▶ **Task description**: Your output should be the lines of the data that follow, reproduced exactly from the first through the line bearing "Kábel 1-CYKFY-J 7x2,5 mm2 silový".

▶ **Data to process**:
____
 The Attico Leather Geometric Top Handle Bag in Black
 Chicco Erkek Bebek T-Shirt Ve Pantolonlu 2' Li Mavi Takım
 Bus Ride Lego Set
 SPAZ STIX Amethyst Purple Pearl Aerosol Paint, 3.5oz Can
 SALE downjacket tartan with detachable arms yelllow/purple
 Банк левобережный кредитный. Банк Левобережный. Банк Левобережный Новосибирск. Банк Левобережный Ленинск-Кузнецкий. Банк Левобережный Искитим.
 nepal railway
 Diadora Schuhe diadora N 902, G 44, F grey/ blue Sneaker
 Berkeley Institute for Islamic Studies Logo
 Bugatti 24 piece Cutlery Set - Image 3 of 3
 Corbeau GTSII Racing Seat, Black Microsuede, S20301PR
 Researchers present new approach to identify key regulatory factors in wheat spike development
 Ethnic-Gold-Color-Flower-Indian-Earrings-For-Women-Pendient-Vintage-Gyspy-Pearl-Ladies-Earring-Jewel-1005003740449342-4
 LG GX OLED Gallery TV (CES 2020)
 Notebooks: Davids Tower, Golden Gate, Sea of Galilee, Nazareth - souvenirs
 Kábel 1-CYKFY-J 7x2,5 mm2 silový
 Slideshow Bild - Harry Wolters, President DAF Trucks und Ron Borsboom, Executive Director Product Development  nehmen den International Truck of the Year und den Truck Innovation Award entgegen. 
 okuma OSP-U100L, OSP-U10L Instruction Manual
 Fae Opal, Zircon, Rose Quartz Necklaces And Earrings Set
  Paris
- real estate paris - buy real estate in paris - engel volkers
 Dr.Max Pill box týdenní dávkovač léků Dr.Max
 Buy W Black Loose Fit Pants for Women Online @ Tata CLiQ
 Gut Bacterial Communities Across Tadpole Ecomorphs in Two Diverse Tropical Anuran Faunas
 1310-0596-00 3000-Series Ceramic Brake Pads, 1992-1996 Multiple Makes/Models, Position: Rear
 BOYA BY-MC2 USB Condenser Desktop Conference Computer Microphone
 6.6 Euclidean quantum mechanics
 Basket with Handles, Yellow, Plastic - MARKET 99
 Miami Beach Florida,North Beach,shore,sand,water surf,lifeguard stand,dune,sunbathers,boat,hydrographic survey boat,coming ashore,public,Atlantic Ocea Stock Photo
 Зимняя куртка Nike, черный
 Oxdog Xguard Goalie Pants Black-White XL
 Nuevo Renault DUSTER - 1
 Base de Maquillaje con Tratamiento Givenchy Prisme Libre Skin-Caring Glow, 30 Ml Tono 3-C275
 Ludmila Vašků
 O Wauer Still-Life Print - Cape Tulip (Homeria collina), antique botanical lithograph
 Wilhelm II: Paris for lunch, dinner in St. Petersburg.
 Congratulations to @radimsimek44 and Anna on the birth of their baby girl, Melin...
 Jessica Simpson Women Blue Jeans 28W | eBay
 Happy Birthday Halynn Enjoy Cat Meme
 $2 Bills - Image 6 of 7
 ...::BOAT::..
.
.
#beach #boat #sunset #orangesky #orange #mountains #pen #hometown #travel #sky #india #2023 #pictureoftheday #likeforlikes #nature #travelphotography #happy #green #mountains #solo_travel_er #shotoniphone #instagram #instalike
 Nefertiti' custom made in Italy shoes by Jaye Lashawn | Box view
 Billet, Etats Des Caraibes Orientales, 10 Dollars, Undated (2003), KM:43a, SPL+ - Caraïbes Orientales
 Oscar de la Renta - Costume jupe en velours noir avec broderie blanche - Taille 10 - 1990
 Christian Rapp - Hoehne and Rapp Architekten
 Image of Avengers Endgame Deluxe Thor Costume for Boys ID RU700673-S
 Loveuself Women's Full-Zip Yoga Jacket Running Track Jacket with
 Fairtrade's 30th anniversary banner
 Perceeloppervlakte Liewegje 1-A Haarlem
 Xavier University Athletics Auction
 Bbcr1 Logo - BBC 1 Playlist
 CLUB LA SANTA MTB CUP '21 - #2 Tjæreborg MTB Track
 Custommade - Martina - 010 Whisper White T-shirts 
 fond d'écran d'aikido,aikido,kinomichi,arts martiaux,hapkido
____
▶ **Answer to this problem**:
 The Attico Leather Geometric Top Handle Bag in Black
 Chicco Erkek Bebek T-Shirt Ve Pantolonlu 2' Li Mavi Takım
 Bus Ride Lego Set
 SPAZ STIX Amethyst Purple Pearl Aerosol Paint, 3.5oz Can
 SALE downjacket tartan with detachable arms yelllow/purple
 Банк левобережный кредитный. Банк Левобережный. Банк Левобережный Новосибирск. Банк Левобережный Ленинск-Кузнецкий. Банк Левобережный Искитим.
 nepal railway
 Diadora Schuhe diadora N 902, G 44, F grey/ blue Sneaker
 Berkeley Institute for Islamic Studies Logo
 Bugatti 24 piece Cutlery Set - Image 3 of 3
 Corbeau GTSII Racing Seat, Black Microsuede, S20301PR
 Researchers present new approach to identify key regulatory factors in wheat spike development
 Ethnic-Gold-Color-Flower-Indian-Earrings-For-Women-Pendient-Vintage-Gyspy-Pearl-Ladies-Earring-Jewel-1005003740449342-4
 LG GX OLED Gallery TV (CES 2020)
 Notebooks: Davids Tower, Golden Gate, Sea of Galilee, Nazareth - souvenirs
 Kábel 1-CYKFY-J 7x2,5 mm2 silový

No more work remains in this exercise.